If your customer base is so broud that you can't define a clear outcome for your nitche, your company probably isnt focused enough. Especially for a start up.
Take for instance, customer support Agent , that is supposed to resolve tickets. Assuming it resolves around 30% tickets by an objective measure. Do you think that cannot be captured and agreed upon by both sides?
Already, today, human customer support agents' performance is measured in ticket resolution, and the Goodhart's Law consequences of that are trivial visible to anyone that's ever tried to get a ticket actually resolved, as opposed to simply marked "resolved" in a ticketing system somewhere…
Interesting. Let's take the case of infra spend on AWS. Amazon says you invoked serverless calls 100k times and you are charged for it. How are you trusting them?
The comparison doesn't quite hold because AWS is a utility; they aren't an arbiter of quality. Amazon charges for a serverless call regardless of whether your code worked or crashed.

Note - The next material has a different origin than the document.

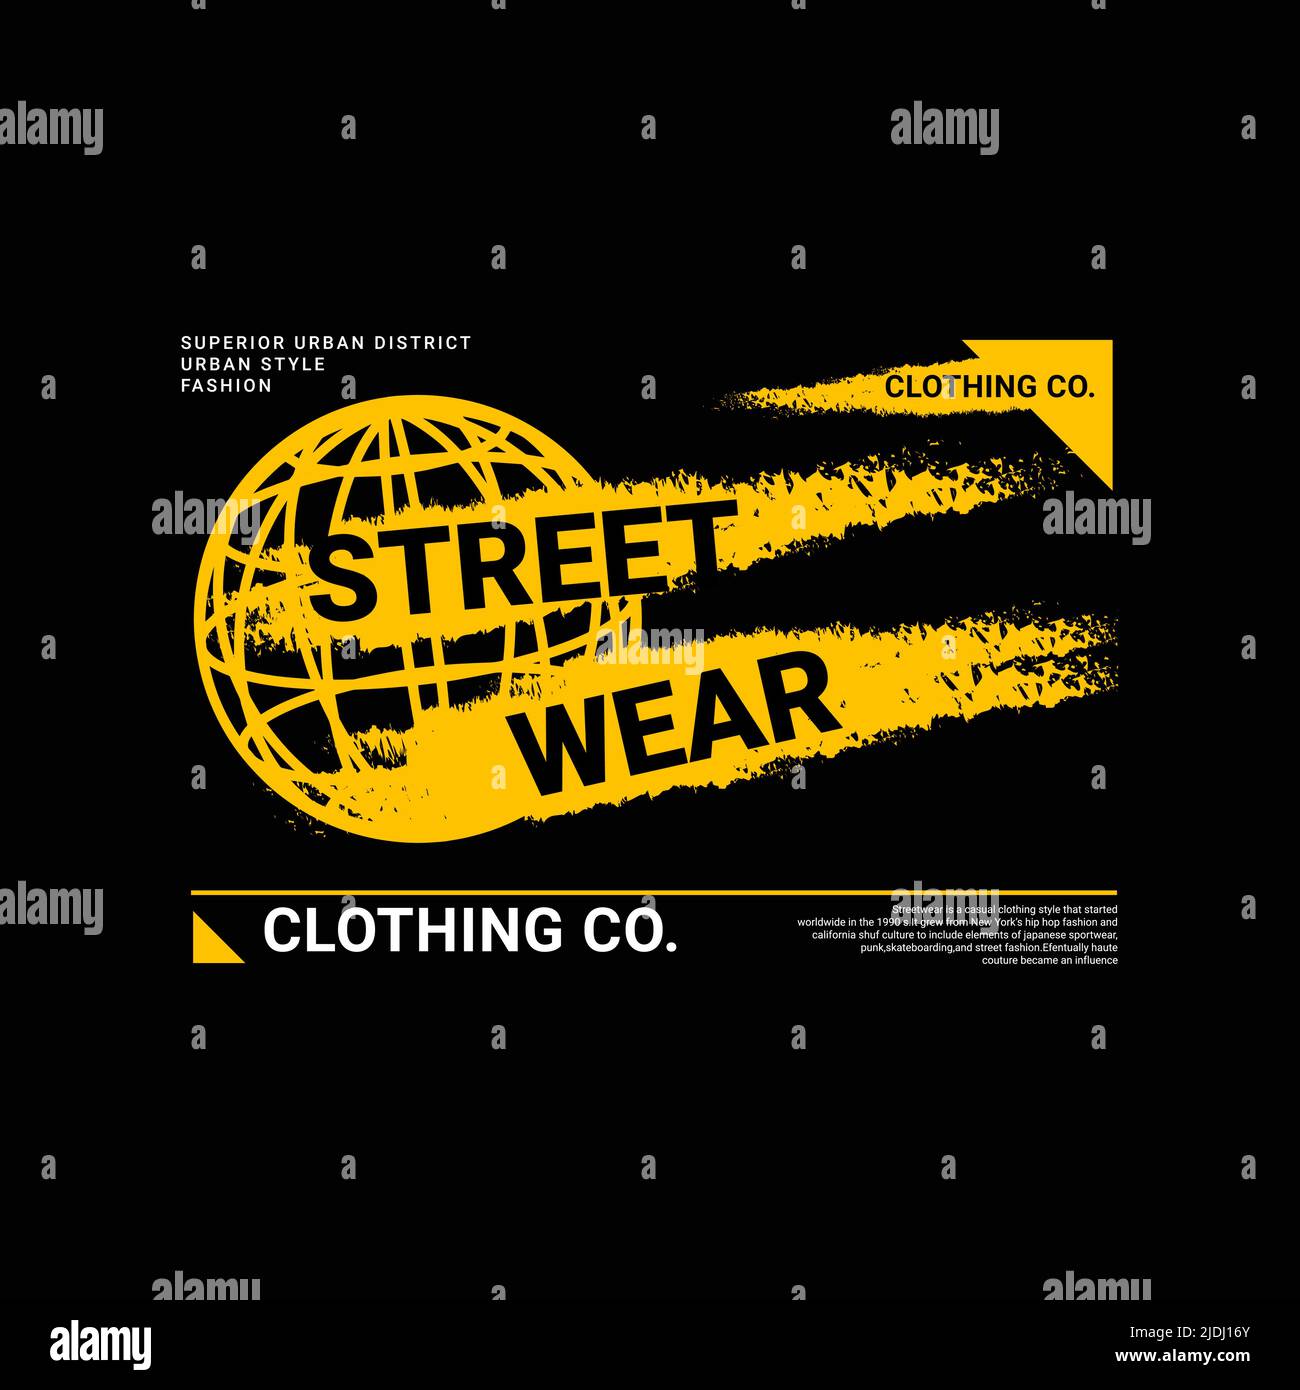 Clothing brand logos vector  Clothing brand logos, Streetwear logo, Urban clothing  brands

You pay for the effort (compute), which is verifiable and binary.
Once you shift to billing for outcomes like "resolutions," the vendor switches from a utility provider to the judge and jury of their own performance. At scale, that creates a "fox guarding the henhouse" dynamic. The friction of auditing those outcomes to ensure they aren't just Goodharted metrics eventually offsets the simplicity the model promises. Frankly, I just cannot and will not trust the judgment of tech companies who evangelize their own LLM outputs.
How do you verify AWS charges? By inspecting logs? There goes the arbiter.
I get the binary part. The biggest difference is the subjective component of outcome? However, a tech provider - especially Agent provider - has to bring down the subjective to a quantitative metric when selling. If that cannot be done, I am not sure what we are going to be buying from Agent builders/providers?